Question 715: What is the biochemical structure of cellulose?

A. β (1,4) glucose (Correct Answer)
B. β (1,6) glucose
C. α (1,6) glucose
D. α (1,4) glucose

Explanation: ***β (1,4) glucose*** - Cellulose is a linear polysaccharide made of repeating **glucose units** joined by **β-1,4 glycosidic bonds**. - This specific linkage allows for strong hydrogen bonding between adjacent cellulose chains, contributing to its structural rigidity in plant cell walls. *α (1,4) glucose* - This linkage is characteristic of starch (amylose) and glycogen, forming helical structures that are readily digestible by humans. - Unlike cellulose, these **α-1,4 linkages** result in a coiled, rather than linear, polysaccharide structure. *β (1,6) glucose* - While beta linkages are present in some polysaccharides, the **β-1,6 linkage** is not the primary linkage for the main chain of cellulose. - This linkage is primarily found at branch points in certain complex carbohydrates. *α (1,6) glucose* - This linkage forms branch points in branched polysaccharides like amylopectin (a component of starch) and glycogen. - It allows for a more compact and easily accessible energy storage molecule, very different from the structural role of cellulose.

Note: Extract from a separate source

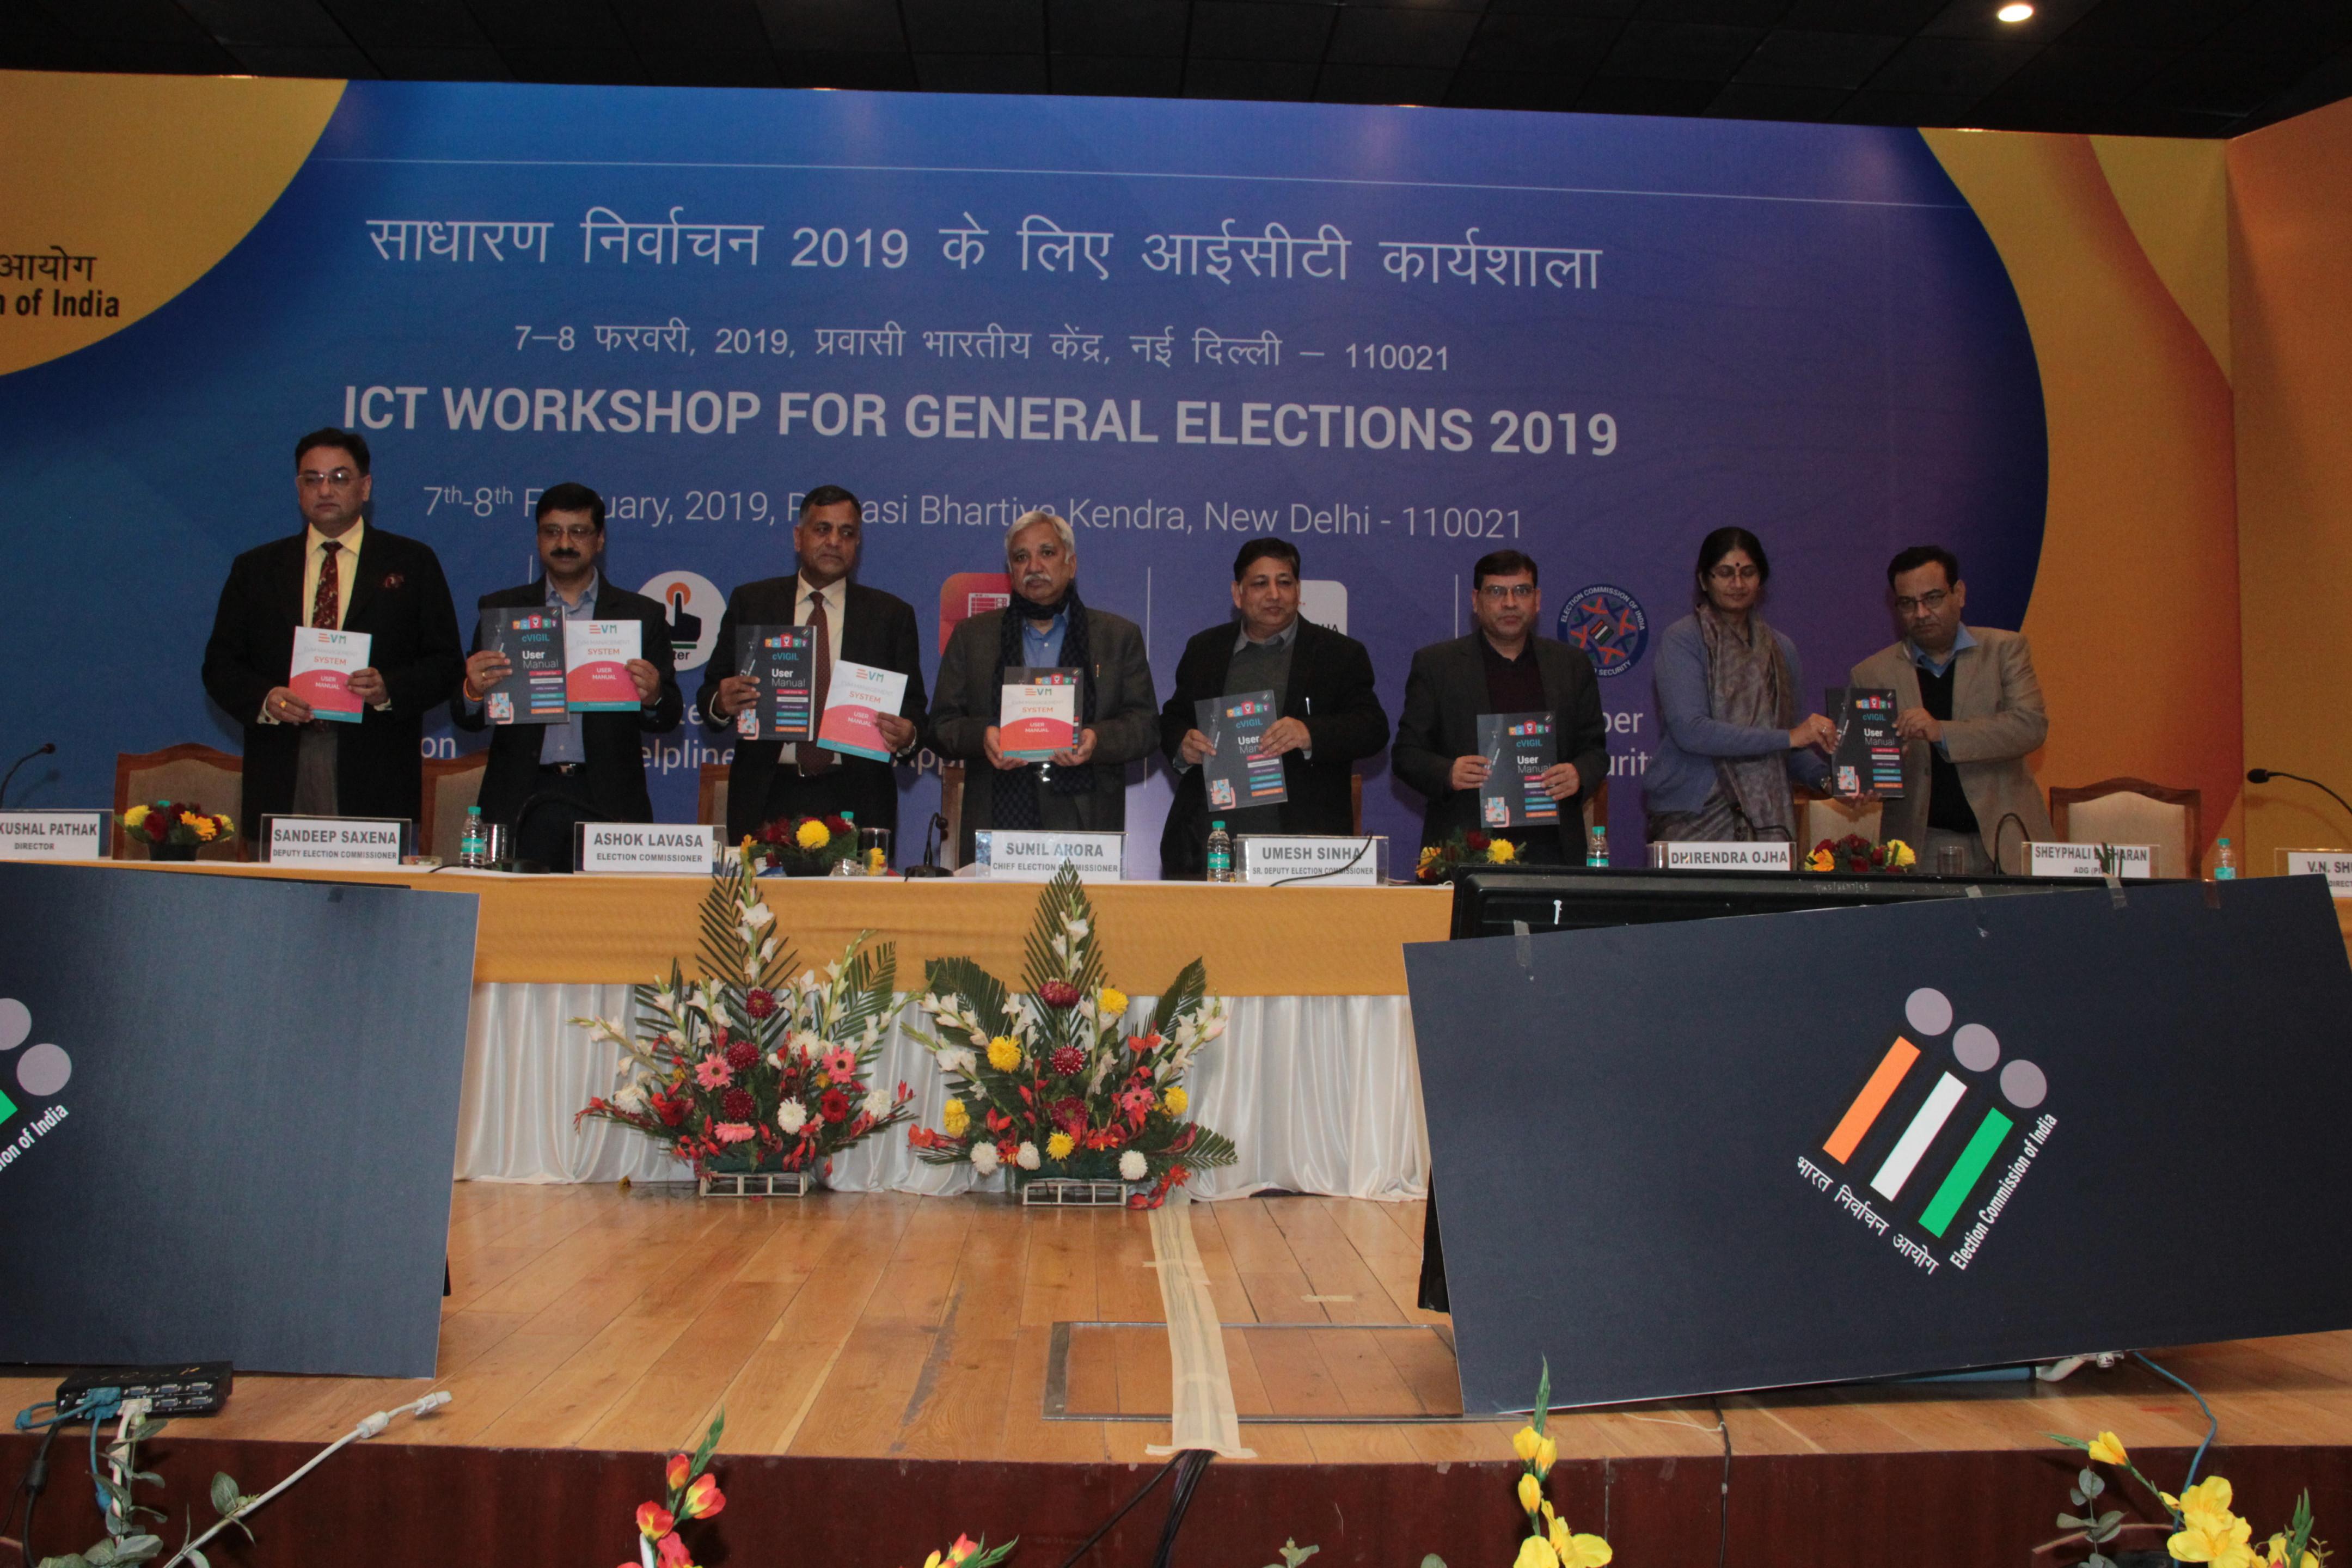 ICT workshop for General Elections 2019

Question 716: Gas released from oligosaccharide metabolism by intestinal bacteria is

A. Carbon dioxide (Correct Answer)
B. Sulfur dioxide
C. Nitric oxide
D. Methane

Explanation: ***Carbon dioxide*** - **Carbon dioxide (CO₂)** is the **most universally produced gas** from oligosaccharide and carbohydrate fermentation by intestinal bacteria in the colon. - Nearly all colonic bacteria produce CO₂ during the fermentation of undigested carbohydrates and oligosaccharides. - Along with **hydrogen (H₂)**, CO₂ forms the bulk of intestinal gas from bacterial metabolism. - This is part of normal gut flora activity contributing to **flatulence**. *Methane* - While **methane (CH₄)** is produced during oligosaccharide fermentation, it is only generated by individuals harboring **methanogenic archaea** (approximately 30-50% of the population). - Methane production is not universal, unlike CO₂, making it less representative as "THE gas" from oligosaccharide metabolism. - Methanogens use H₂ and CO₂ to produce methane as a secondary process. *Sulfur dioxide* - **Sulfur dioxide (SO₂)** is primarily associated with industrial pollution and is not a product of normal intestinal bacterial metabolism. - Hydrogen sulfide (H₂S) may be produced from sulfur-containing compounds, but not sulfur dioxide. *Nitric oxide* - **Nitric oxide (NO)** is a signaling molecule involved in vasodilation and immune responses. - It is not a major gas produced from bacterial fermentation of oligosaccharides in the intestines.

Question 717: Which of the following steps is specific for gluconeogenesis?

A. Oxaloacetate to PEP (Correct Answer)
B. Oxaloacetate to citrate
C. Oxaloacetate to glucose
D. Pyruvate to acetyl CoA

Explanation: ***Oxaloacetate to PEP*** - This step, catalyzed by **PEP carboxykinase (PEPCK)**, is a bypass reaction necessary to overcome the irreversible pyruvate kinase step in glycolysis. - It is a key regulatory point in **gluconeogenesis**, allowing the synthesis of glucose from non-carbohydrate precursors. *Oxaloacetate to citrate* - This reaction is part of the **Krebs cycle (citric acid cycle)**, where oxaloacetate combines with acetyl-CoA to form citrate. - It does not directly lead to **glucose synthesis** and is not unique to gluconeogenesis. *Oxaloacetate to glucose* - This is an **overly broad statement** and not a direct, single enzymatic step in gluconeogenesis. - While oxaloacetate is an intermediate in the gluconeogenic pathway, it must first be converted to **PEP** and then proceed through several more steps to become glucose. *Pyruvate to acetyl CoA* - This reaction is catalyzed by the **pyruvate dehydrogenase complex** and represents a committed step into oxidative metabolism, primarily the Krebs cycle. - This step is **irreversible** in mammals and prevents the direct conversion of acetyl-CoA back to pyruvate or glucose, making it not relevant for gluconeogenesis.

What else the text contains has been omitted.